Bild nicht mehr verfügbar.

Foto: Reuters/Bogdan Cristel
Pazifisten lehnen es natürlich vehement ab: das alte Wort vom Krieg als dem Vater aller Dinge. Was die Entwicklung der Nato betrifft, so scheint es allerdings gültiger denn je, und vielleicht sogar im Sinn aller Friedensbewegten.

Die Nato wurde aus der Logik des Kalten Krieges heraus als westliches Verteidigungsbündnis gegründet. Mit dem Fall der Berliner Mauer begann die politische Identitätskrise. Aber es sind zwei militärische Ereignisse, welche die Allianz in ihrem Selbstverständnis nachhaltig erschüttert und ihre unaufhaltsame Aufweichung ausgelöst haben.

Vor drei Jahren begann mit den Luftangriffen gegen Jugoslawien die erste - und bisher einzige - kriegerische Aktion der Nato. Sie war humanitär motiviert: Verhinderung eines Völkermords an den Kosovo-Albanern. Aber dass die Operation "out of area", also außerhalb des Bündnisgebiets, stattfand und noch dazu über kein UNO-Mandat verfügte, stürzte die Allianz in eine Zerreißprobe.

Vor rund drei Monaten begann mit dem amerikanischen Antiterrorkrieg in Afghanistan die nächste Phase der Nato-Metamorphose.

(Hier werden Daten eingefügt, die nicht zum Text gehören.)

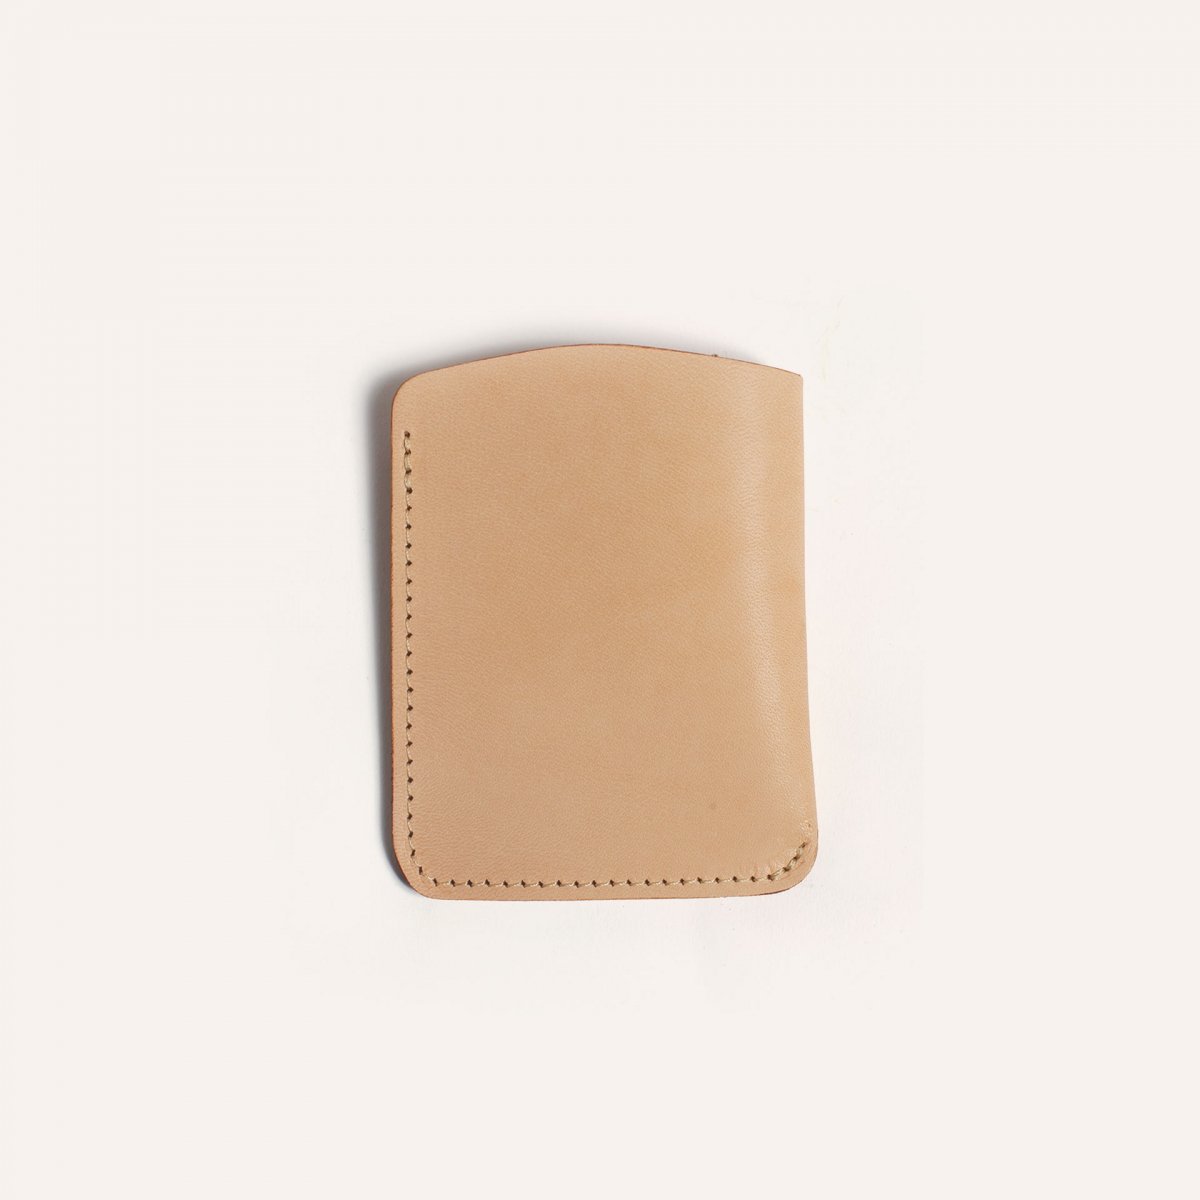 Intro business card holder - Natural (image n°2)

Eigentlich wurde sie schon mit dem 11. September eingeleitet, nach dem die Allianz erstmals in ihrer Geschichte den Bünd- nisfall ausrief.

Was dies in der Praxis bedeutete, wurde bald klar. Hoffnungen der europäischen Partner, Art und Intensität des Krieges gegen den Terrorismus beeinflussen zu können, erwiesen sich als völlig unrealistisch. Die USA wollten und wollen sich ihre Handlungsfreiheit nicht durch Rücksichtnahme auf Verbündete einschränken lassen. Vizeverteidigungsminister Paul Wolfowitz sagte es vor einigen Wochen auf der Münchner Sicherheitskonferenz ganz ungeschminkt: "Die Aufgabe entscheidet über die Koalition, nicht die Koalition über die Aufgabe."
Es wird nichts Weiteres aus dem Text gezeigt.